1. Calculate the angular speed of the 26-inch bicycle rotating at 200 revolutions per minute. Express your answer in radians per minute. Use π = 3.14. Round to the nearest whole number.
2. Next, calculate the linear speed of the 26-inch bicycle being pedaled at a rate of 200 revolutions per minute. Express your answer in inches per minute rounded to the nearest whole number. (Hint: The diameter of the wheel is 26 inches.)
3. Expressing a speed in inches per minute has very little meaning in the context of the problem. It would be more useful to express the answer in miles per hour. Use dimensional analysis procedures to transform your answer from problem 3 into miles per hour, rounded to the nearest tenth.
4. Use your answers to problems 2-4 to calculate the linear speed, in miles per hour, of a 20-inch bicycle being pedaled at a rate of 200 revolutions per minute. Round to the nearest tenth.

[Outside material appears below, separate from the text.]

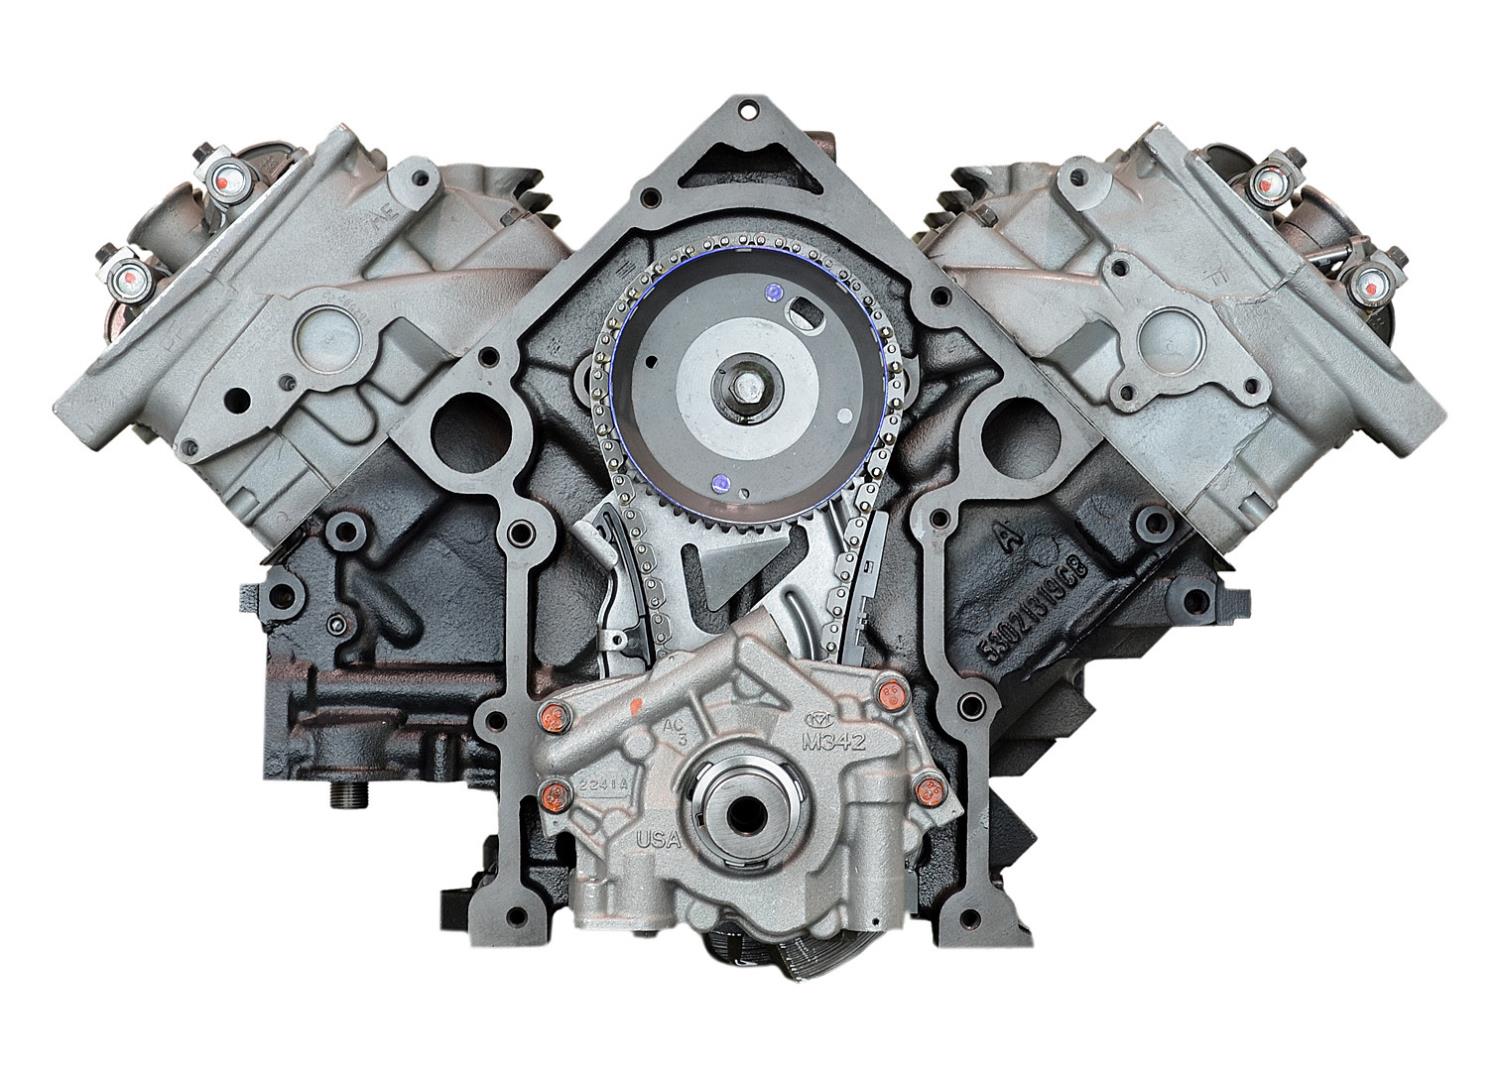 Dodge Ram Truck & Durango with 5.7L HEMI V8 ATK Engines - DDH8:  Remanufactured Crate Engine - JEGS

5. Suppose you are riding the 20-inch bike illustrated in this set of problems, and a friend is riding the 26-inch bike. Assuming that your friend is pedaling the 26-inch bike at a rate of 200 revolutions per minute; will you have to pedal the 20-inch bike faster or slower than 200 revolutions per minute for you and your friend to be riding at the same speed? Explain your answer in terms of angular and linear velocity.
6. At what rate would you have to pedal a 20-inch bike so that it traveled at a linear speed of 15.5 miles per hour? Express you answer in revolutions per minute rounded to the nearest whole number. (Hint: First change miles per hour into inches per minute.)